Pre-Submission Program

FDA strongly encourages Pre-Submission (Q-Sub) meetings for SaMD, particularly for novel software functions, AI/ML-based devices, or products where classification is unclear. The Pre-Submission program is described in FDA's guidance "Requests for Feedback and Meetings for Medical Device Submissions: The Q-Submission Program" (last updated 2023).

A Pre-Submission for SaMD should address:

  • Whether the software meets the device definition
  • Proposed classification and regulatory pathway
  • Intended use and indications for use
  • Clinical evaluation strategy
  • Software validation approach
  • Cybersecurity considerations
  • For AI/ML devices: algorithm description, training data, performance testing plan

Clinical Evaluation for SaMD

The IMDRF published "Software as a Medical Device: Clinical Evaluation" (IMDRF/SaMD WG/N41FINAL:2017), which FDA has referenced in its guidance. Clinical evaluation for SaMD differs from traditional clinical trials for hardware devices.

Clinical Evaluation by IMDRF Category

IMDRF CategoryValid Clinical AssociationAnalytical ValidationClinical Validation
Category IRequiredRequiredMay not be required
Category IIRequiredRequiredRequired (may use existing literature)
Category IIIRequiredRequiredRequired (prospective data typically needed)
Category IVRequiredRequiredRequired (prospective clinical trial usually needed)

Valid Clinical Association: Demonstrating that the SaMD's output (e.g., a risk score, a diagnostic conclusion) is associated with the targeted clinical condition. This is typically established through published literature and existing clinical evidence.

Analytical Validation: Demonstrating that the SaMD correctly processes input data to generate accurate, reliable, and precise output data. For AI/ML-based SaMD, this includes algorithm performance testing on curated datasets.

Clinical Validation: Demonstrating that the SaMD's output achieves the clinically meaningful intended purpose in the target population and use environment. This may range from retrospective analysis of clinical data to prospective clinical trials, depending on the IMDRF category.

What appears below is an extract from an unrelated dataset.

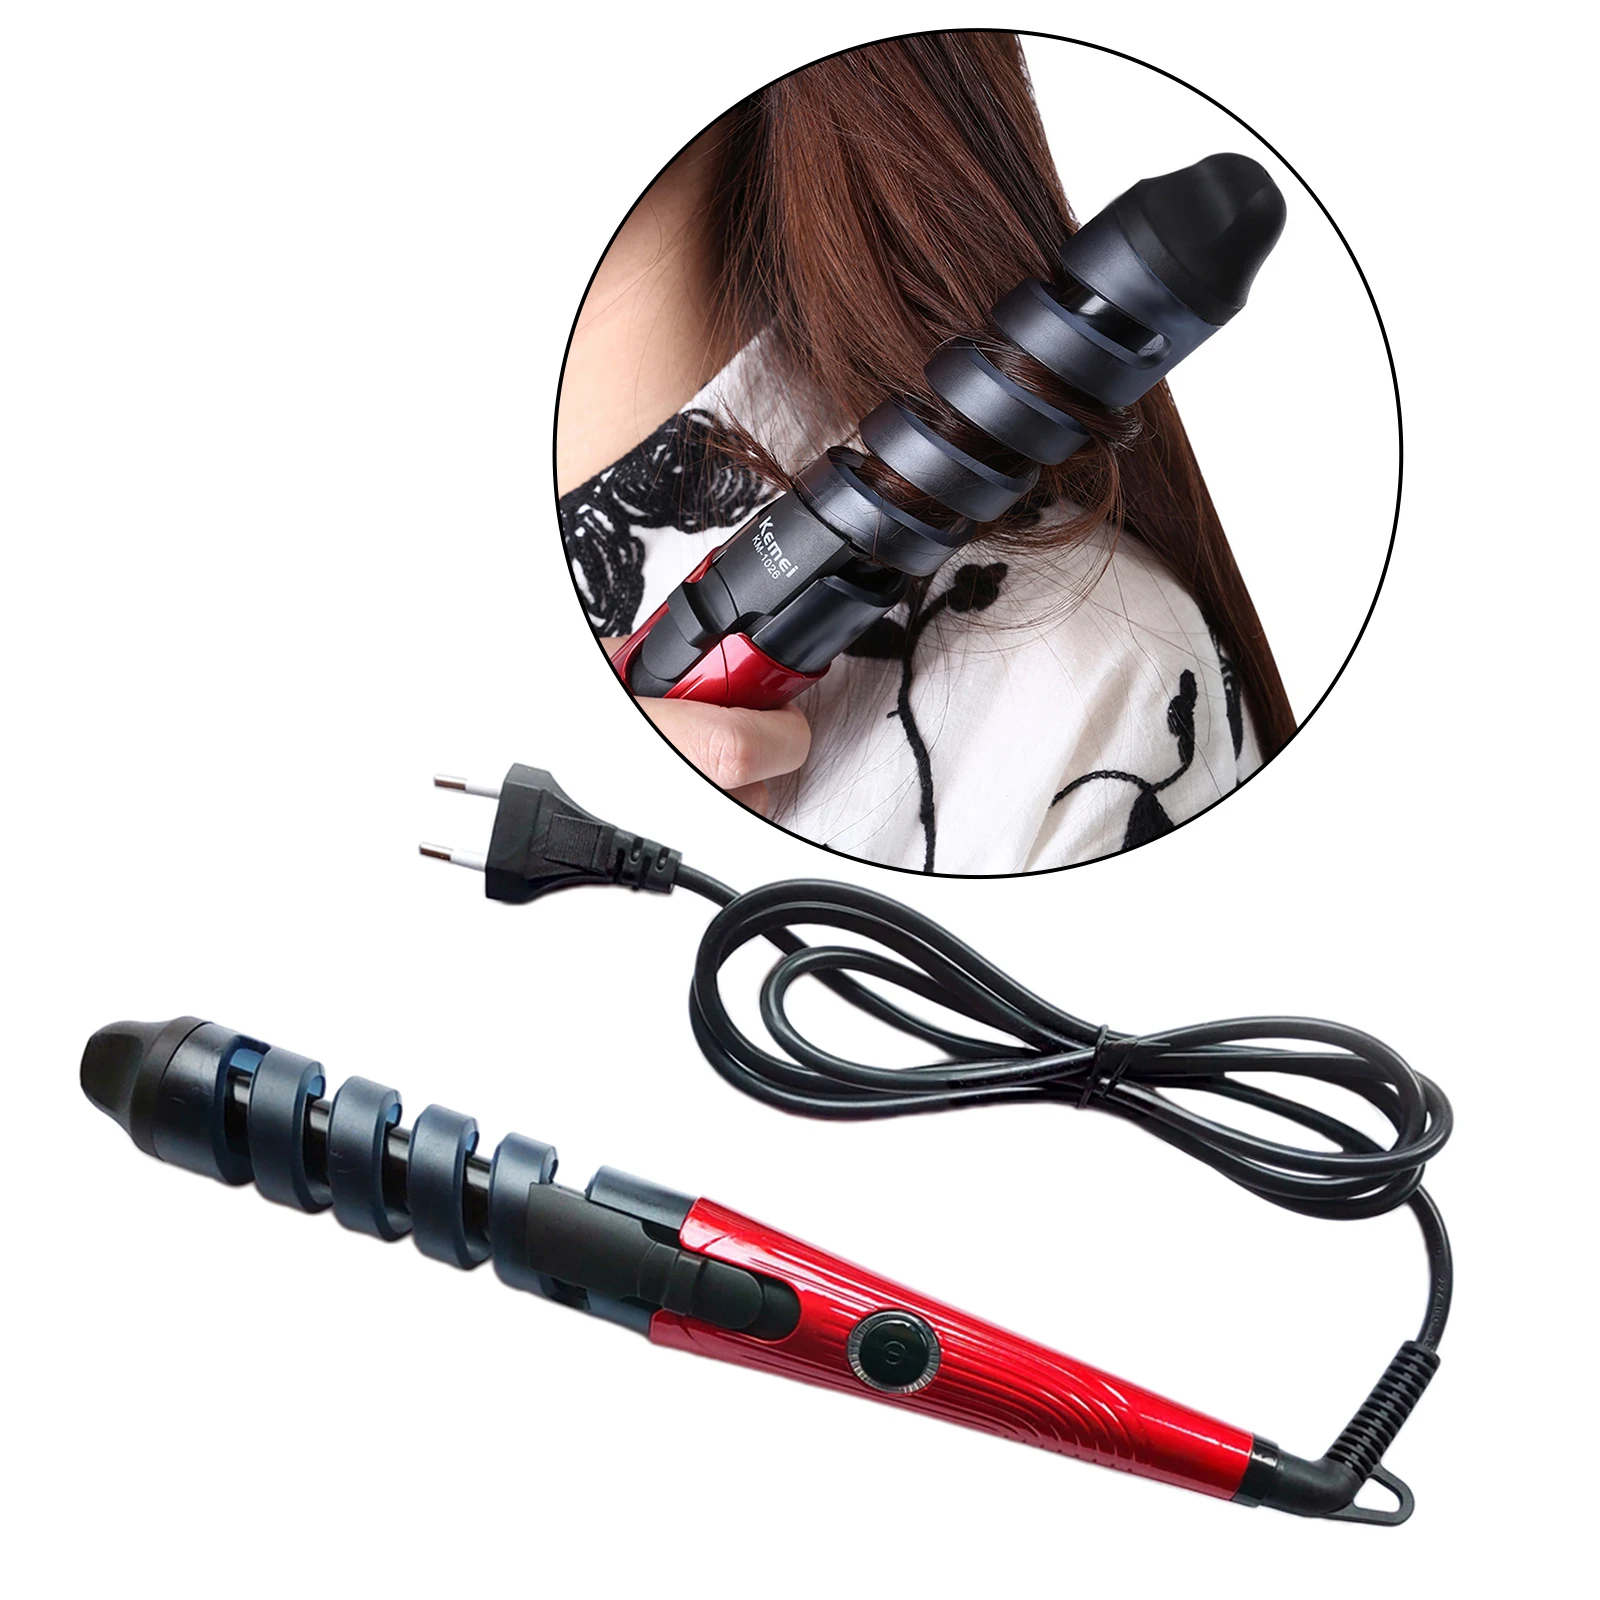 Pro Heating Hairdressing Hair Curlers Curling Wand Rod for All Hair Types Iron Curling Tongs Crimping Styling

FDA's Expectations for Clinical Evidence

FDA's guidance "Clinical Performance Assessment: Considerations for Computer-Assisted Detection Devices Applied to Radiology Images and Radiology Device Data" (2020) provides specific expectations for radiological AI/ML SaMD. Key requirements include:

  • Standalone performance testing on diverse, representative datasets
  • Reader studies comparing physician performance with and without the SaMD
  • Demographic subgroup analysis (age, sex, race/ethnicity, disease severity)
  • Testing across multiple clinical sites and imaging equipment

For non-radiology SaMD, FDA evaluates clinical evidence expectations on a case-by-case basis, using the IMDRF framework as a guide.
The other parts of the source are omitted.